Инспектор Хейл умолк, передохнув.

– Позднее мистер Блейк сделал такое же заявление инспектору Конвею. Он, мол, получил в то утро сообщение по телефону от своего брата, Мередита Блейка, который жил в Хандкросс-Мэнор, в полутора милях, и на досуге занимался химией, точнее говоря – изготовлением лечебных препаратов из трав. Мередит заявил, что, зайдя в то утро в свою лабораторию, он с удивлением заметил, что одна бутылка, в которой была цикута, оказалась почти пустой. Взволнованный этим, он позвонил по телефону своему брату и спросил, что ему делать. Филипп Блейк настойчиво попросил его немедленно прийти в Олдербери, чтобы обсудить этот вопрос, сам же пошел ему навстречу. В Олдербери они пришли вдвоем, так и не найдя какого-то ответа. Решили возвратиться к этому после ленча.
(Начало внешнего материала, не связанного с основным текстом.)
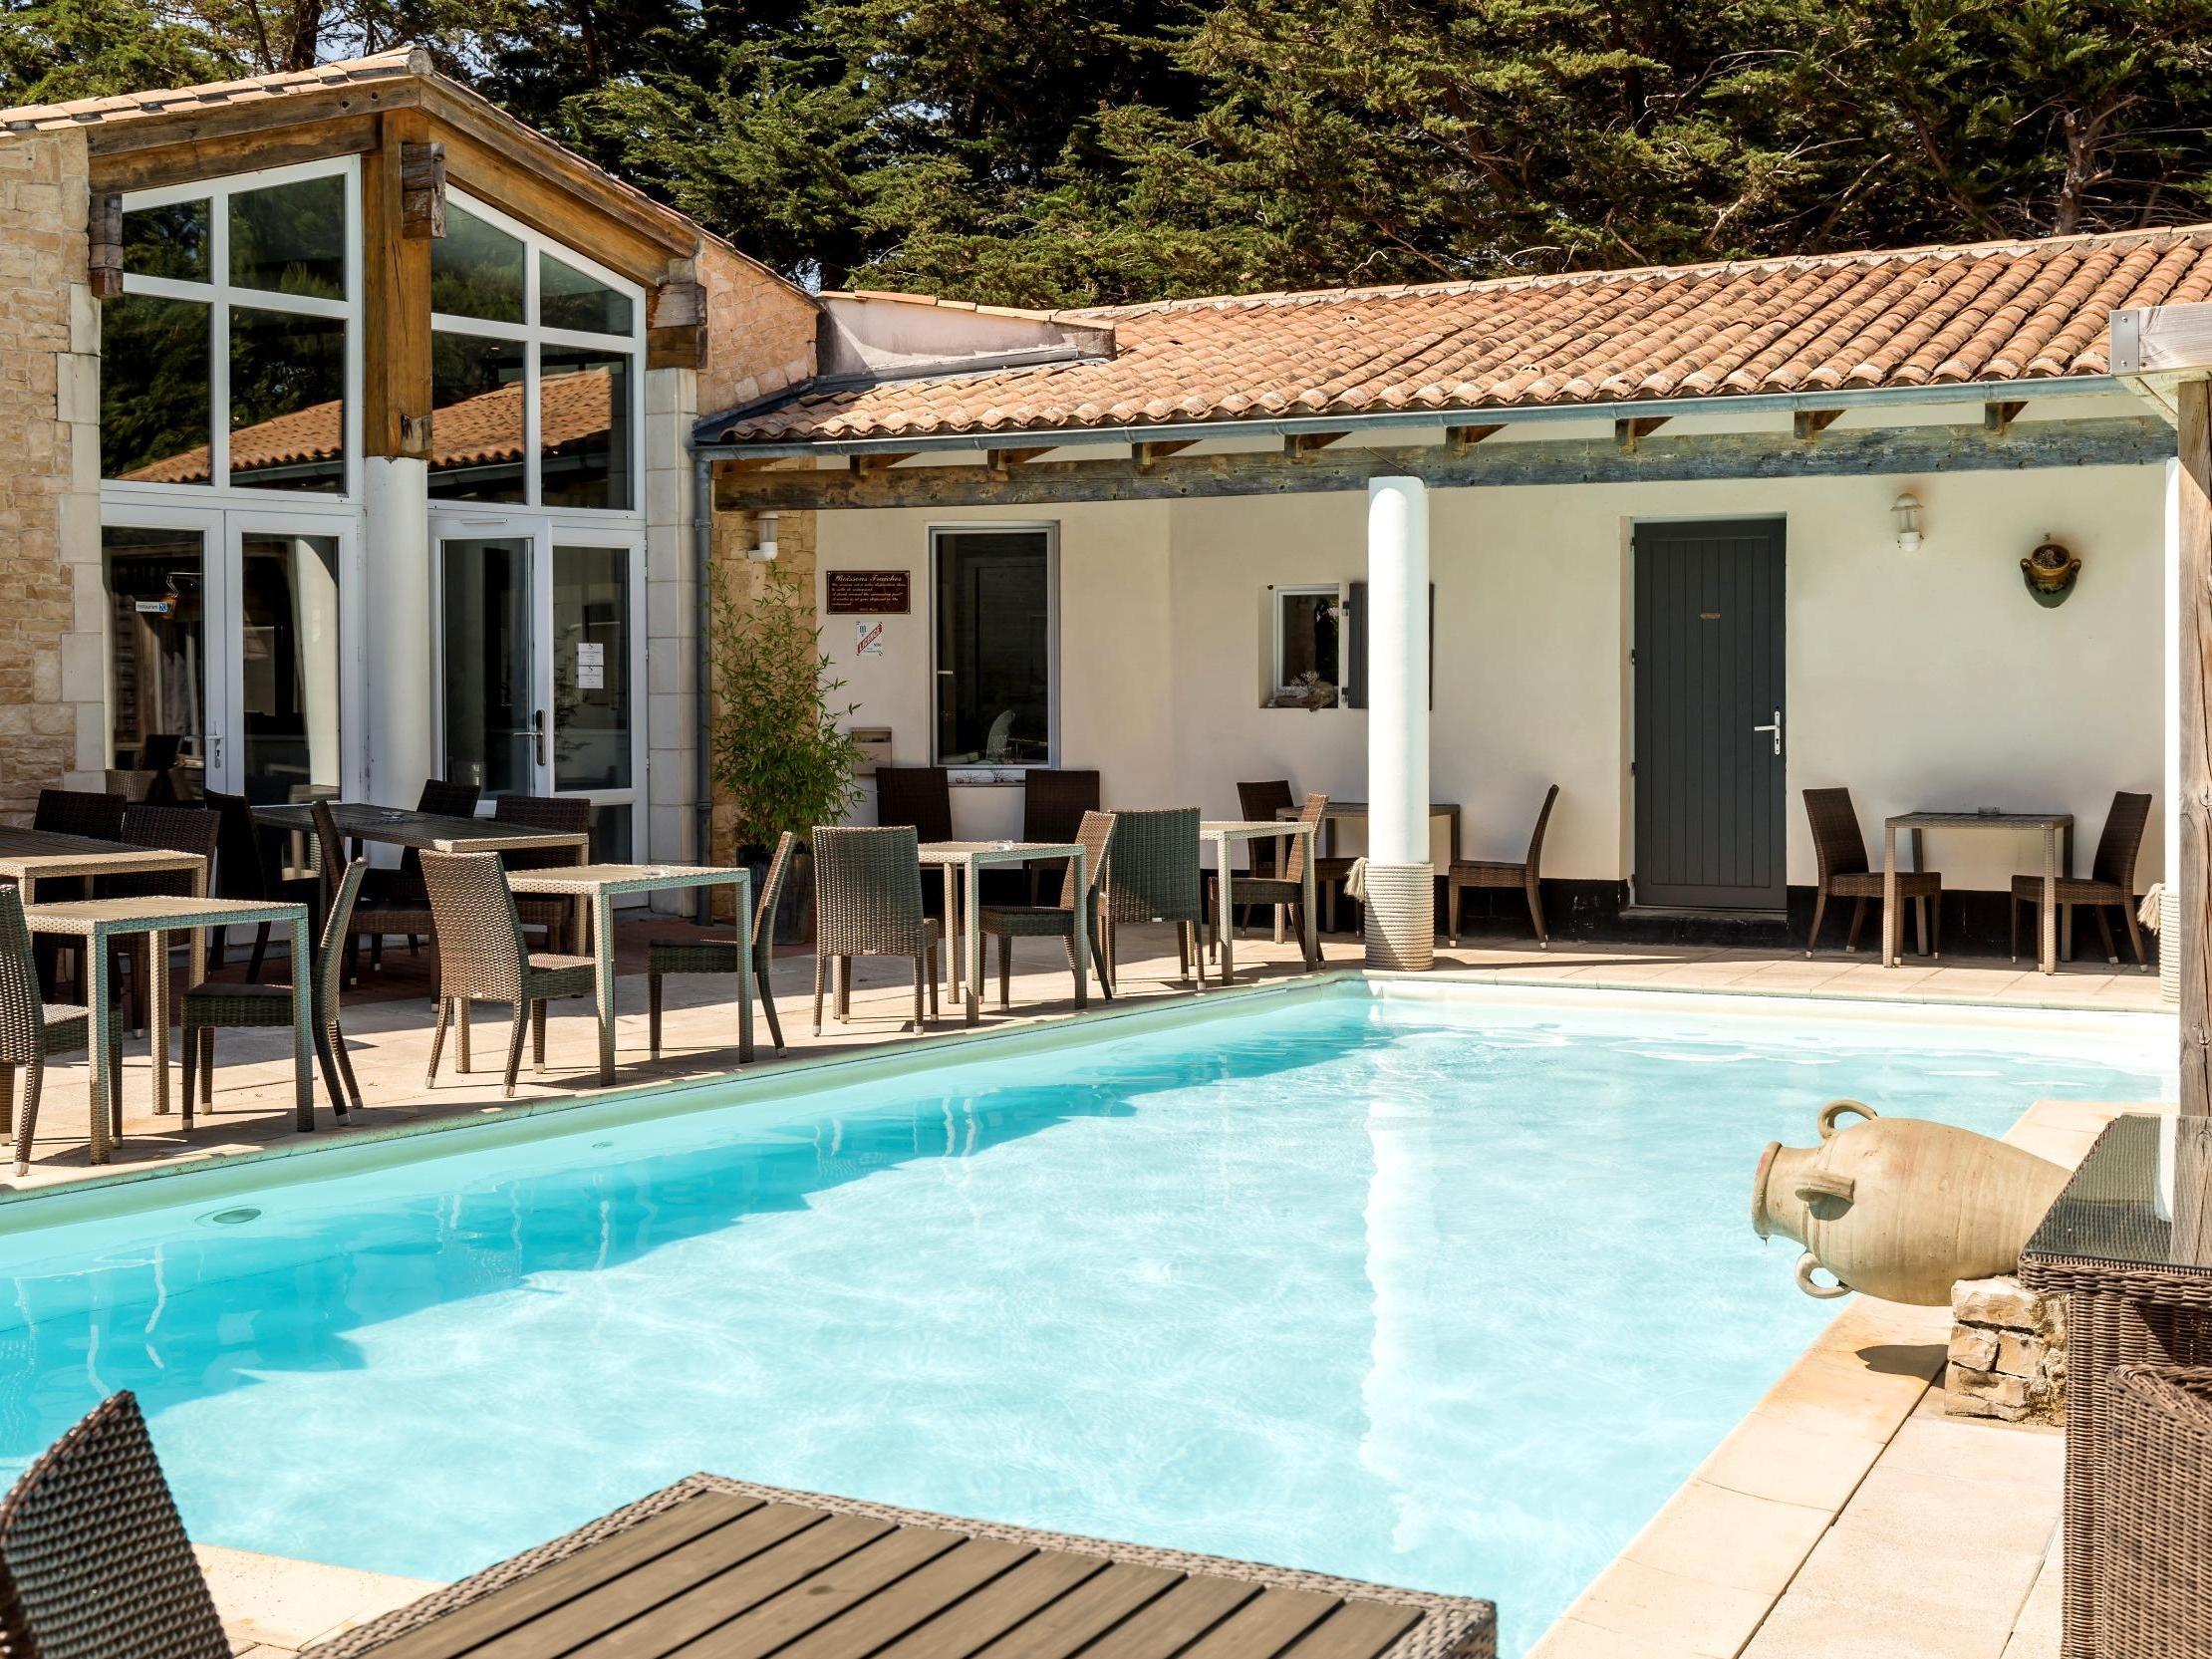 Hotel Le Bois Plage En Ré - Pilgo H u00f4tel Restaurant Plaisir et Spa Logis in LE BOIS PLAGE EN RE

В результате позднейшего обследования инспектор Конвей установил, что за день до убийства, после обеда, пять человек пришли из Олдербери в Хандкросс-Мэнор на чашку чаю: мистер и миссис Крейл, мисс Анджела Уоррен, мисс Эльза Гриер и мистер Филипп Блейк. За чаем Мередит Блейк прочитал гостям целую лекцию о своем увлечении химией и пригласил всех осмотреть его лабораторию. Во время осмотра он рассказал о некоторых специфических медикаментах, в том числе и о цикуте, объяснил ее свойства, жалея, что такой ценный препарат исключили из фармакопеи, хвалился своим открытием – малые дозы цикуты, мол, особенно эффективны при лечении коклюша и астмы. Мередит Блейк рассказал также о смертоносных свойствах цикуты и даже прочитал гостям несколько строчек одного греческого автора, который описывал ее влияние на организм.